BİYOTEKNOLOJİNİN ETİK BOYUTU
Biyoteknolojinin etik boyutuna da değinen Davutoğlu, "Sadece bir tekniğin geliştirilmesi, onun üzerinden adımlar atılması değil, aynı zamanda büyük bir etik ve ahlaki boyut da getiriyor. O da klonlanma üzerinden bunun yol açabileceği, insan neslinin tahribatına yol açacak boyutlar ya da tarımda GDO’lu ürünler üzerinde insanın dokusunu, doğasını da değiştirebilecek yediğiniz şeyler. Eskiden bilinirdi, yediğiniz şeyler karakteri etkiler. O karakterle birlikte insanın varlığını da etkiler. Bir doktor, eski kadim tıp ile modern tıp eğitimi almış doktora bir gün birisi ’bunu nasıl kontrol altına alabilirim’ diye sorduğunda eşiyle ilgili eşiniz büyükbaş hayvan eti mi yiyor, küçükbaş hayvan eti mi, ona göre cevap verdi. Biz, bazen hayatı bütüncül görmekten kopuyoruz. Biz, istediğimizi seçer yeriz ve o bizi etkilemez, insanoğlu sıradan bir depo değildir. İnsanoğlu o doğa içindeki ritmi, onu şekillendiren onun tarafından da şekillendirilen bir varlığı sahiptir. Sürekli GDO’lu ürünler yiyen neslin suni, 2-3 nesil sonra görünüşü güzel, içi kof elmalara geçildiği gibi nesillerimiz de bozulur. Biz, o bozulmayı fark ettiğimizde bir daha asli nesle dönemeyiz. Biyoteknolojinin olduğu yerde etik boyut, hatta felsefi boyutu da içine katmak ve özünde onu vermek gerekir" diye konuştu.

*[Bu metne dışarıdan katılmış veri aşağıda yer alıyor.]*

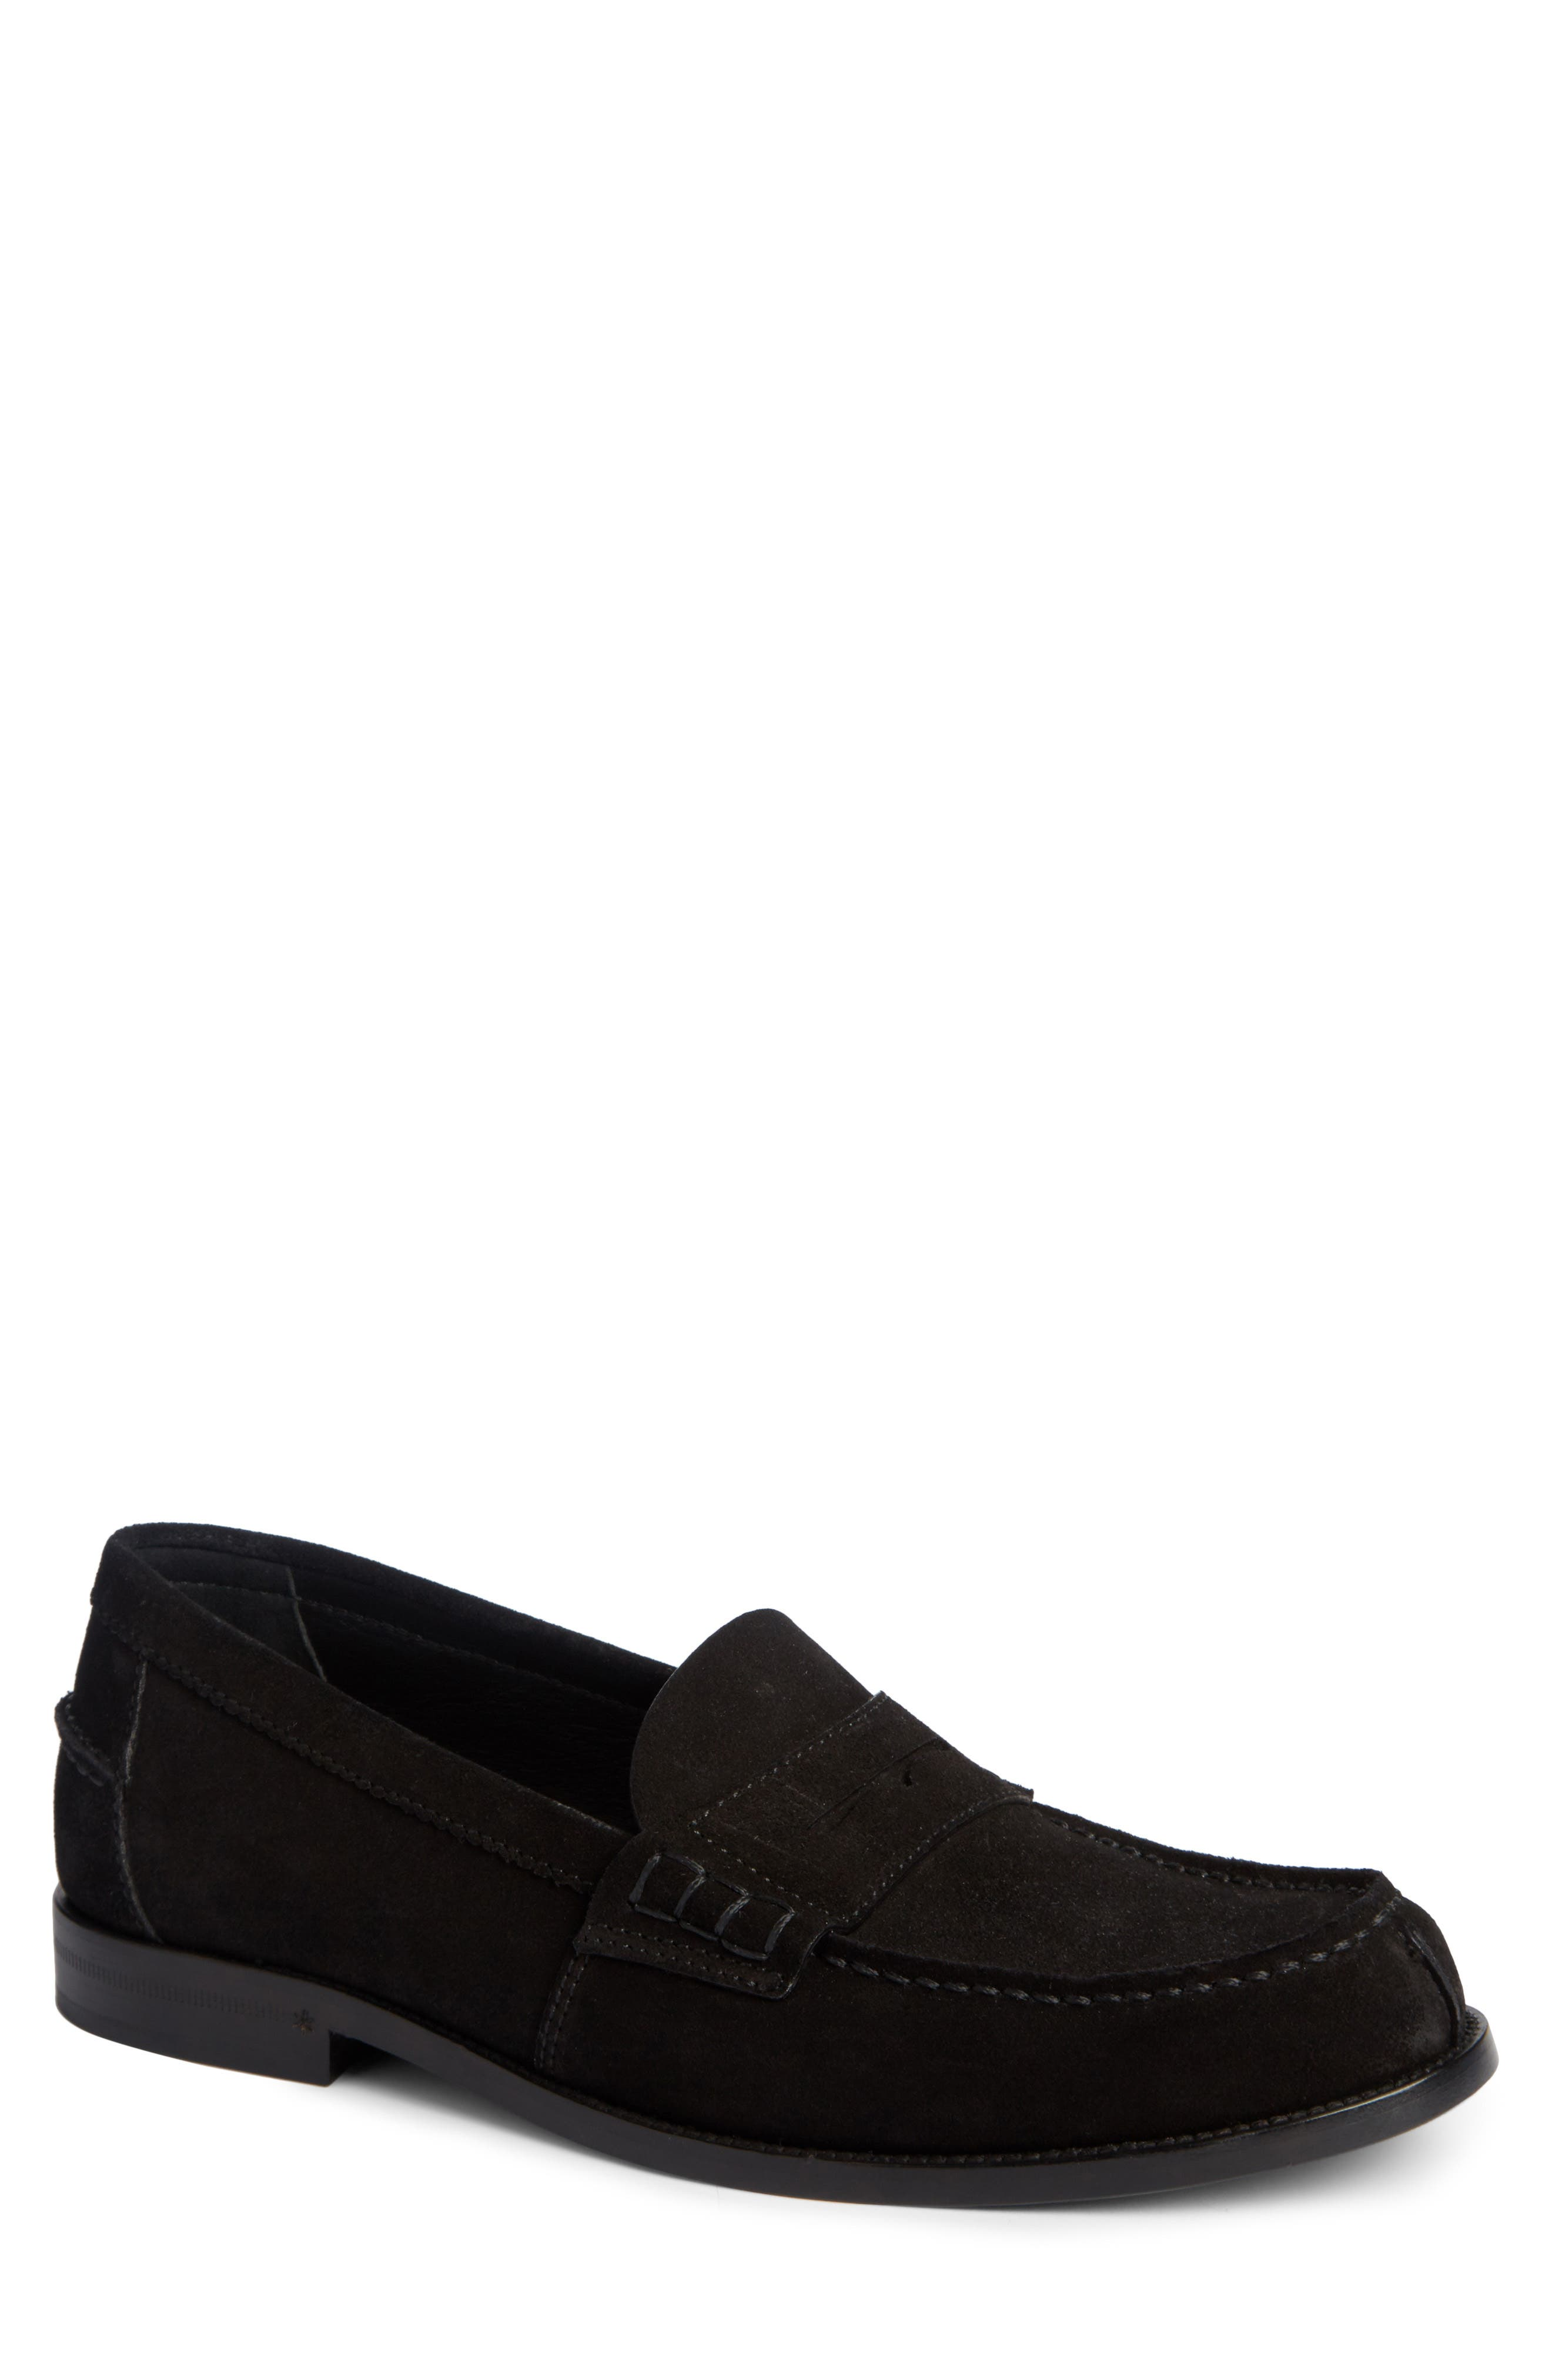 Penny Loafer,                         Main,                         color, Black Suede

Bilgi ile üretimin, teknolojiyle verimliliğin biraraya getirildiğini anlatan Davutoğlu, mobil güneş enerji sistemiyle çalışan mobil sulamanın önemli olduğunu ve bunun devrim mahiyetinde bir adım olduğunu ifade etti.

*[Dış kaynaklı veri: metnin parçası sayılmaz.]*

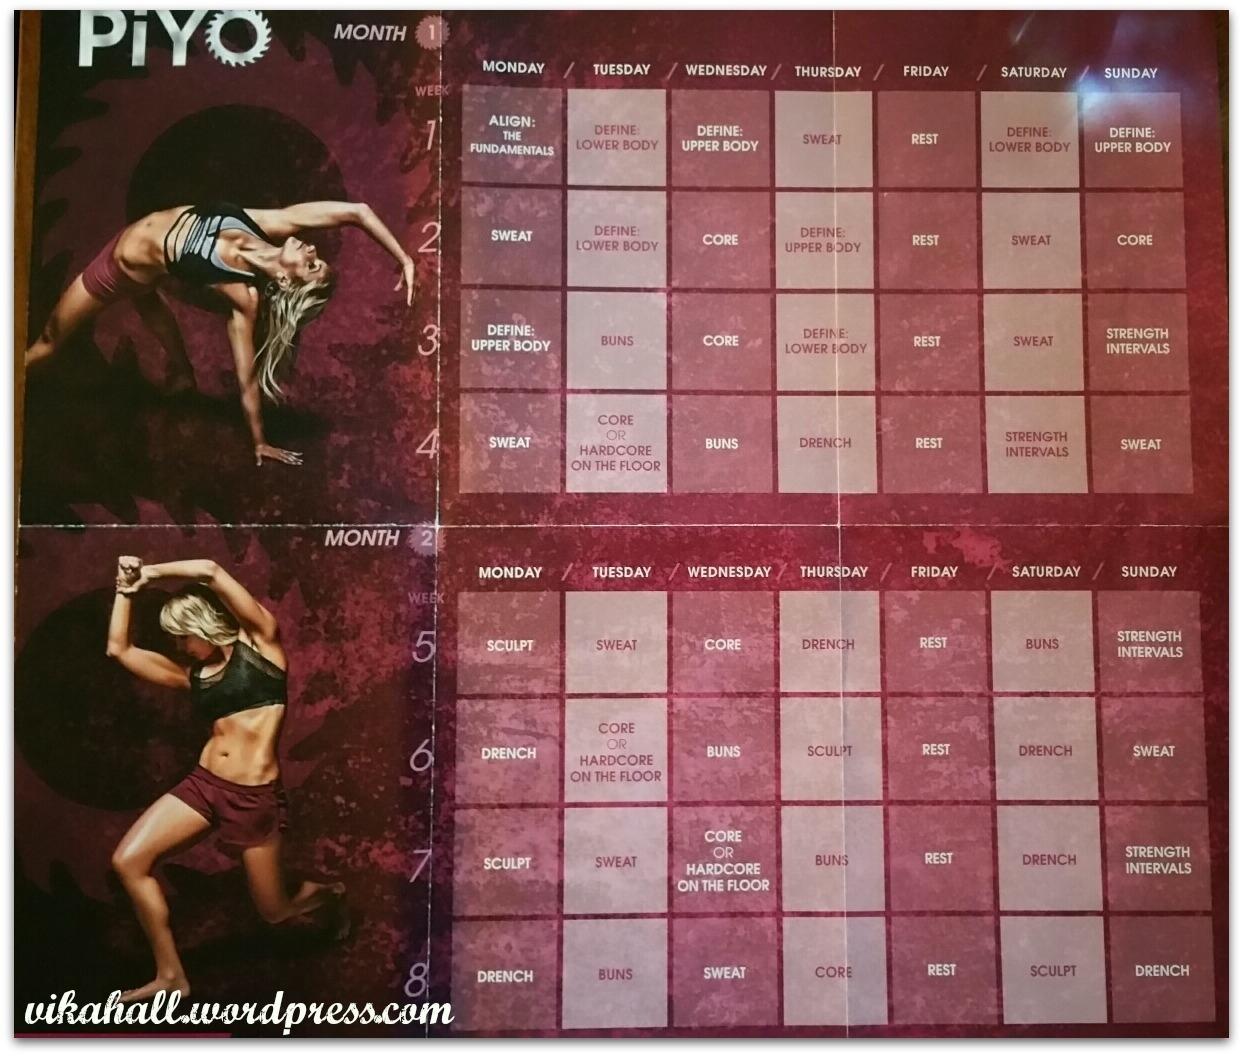 My 60 Days Of Piyo-Fication – The Joy Of Fit Piyo Calendar Month 3

2010 YILI KPSS’SİNDE USULSÜZLUK YAPILDIĞI İDDİALARI
2010 yılı KPSS’sinde usulsüzlük yapıldığı iddialarına ilişkin de Davutoğlu, "Mesele, bilgiyi yeniden üretebilmek ve kendinizin ürettiği bilgi üzerinde teknolojiyi yükseltmek. Bugünlerde hepimizi üzen bir konuyla da bunu ilişkilendirmek istiyorum. Çalınan sorularla elde edilen makamlar aynen GDO’lu ürünler gibidir. Bir sürü insanın hakkına, hukukuna tecavüz edeceksiniz, kendi yakınınızı, tanıdığınızı bu sorularla bir yerlere getireceksiniz ve bu yolla devleti denetim altına almaya çalışacaksınız. İşte, bizim tam da paralel çete dediğimiz husus bu. Bilginin paralelini, sorunun paralelini oluşturacaksınız ve kendine has bir dünya kuracaksınız. Biz buna izin vermedik, vermeyeceğiz. Bilginin gerçeğine de saygı duyarız, sınavın da gerçeğinin sonuçlarına hepimiz saygı duyarız ama bir öğretim üyesi olarak da ilk bilgiler bana geldiğinde KPSS, ÖSYM ile ilgili emin olun büyük bir hicap ızdırap duydum. Bir hoca ya da bir öğrenci, en ufak ilke almış olan birisi nasıl böyle bir şeye tenezzül eder, nasıl böyle bir şeyi örgütler, nasıl böyle bir şey üzerinden mevki ve makama gelir ve bunu da içine sindirir? Eğitim ve devlet hayatının da en önemli ilkesi adalettir. Adalet söz konusu olduğunda kendi oğlunuz, kızınız, kardeşinizle hiç tanımadığınız vatandaşınız arasında eğer bir an ayrımcılık yaparsanız işte o anda adaleti de, devleti de yok edersiniz, bütün bir ilkesel çerçeveyi de ayaklar altına alırsınız. Bunu bilgi temelli bir teknoloji, teknoloji temelli bir ekonomi, verimlilik üzerine oturmuş bir sosyal hayat için etik boyutu öne çıkararak söylüyorum. Etik boyuttan arındırılmış bir bilgi ahlaktan, bilgi, teknoloji, siyasetin yaşama şansı yoktur. Hepimizin öncelikli ve tek hedefi toplumdaki bu niteliksel dönüşümü teknoloji alanında gerçekleştirirken ahlaki yozlaşma ve dönüşüme izin vermemektir. Niteliksel olarak biz teknolojiyi geliştireceğiz, ahlaki özünü, varoluşsal, ilkesel, etik boyutunu en güçlü şekilde muhafaza edeceğiz" dedi.
Törene, Başbakan Davutoğlu’nun yanısıra, Gıda, Tarım ve Hayvancılık Bakanı Mehdi Eker ve Danıştay Başkanı Zerrin Güngör de katıldı. Törende, araştırma merkezinin faaliyetlerini anlatan kısa film gösterildi. Tören sonrası araştırma merkezinin bahçesine fidan diken Davutoğlu, burada Danıştay Başkanı Zerrin Güngör’e dönerek, “Ağaca hukukun eli değerse bi daha güzel olur" dedi. Davutoğlu, fidan dikmesinin ardından Tohum Gen Bankası’nı gezdi.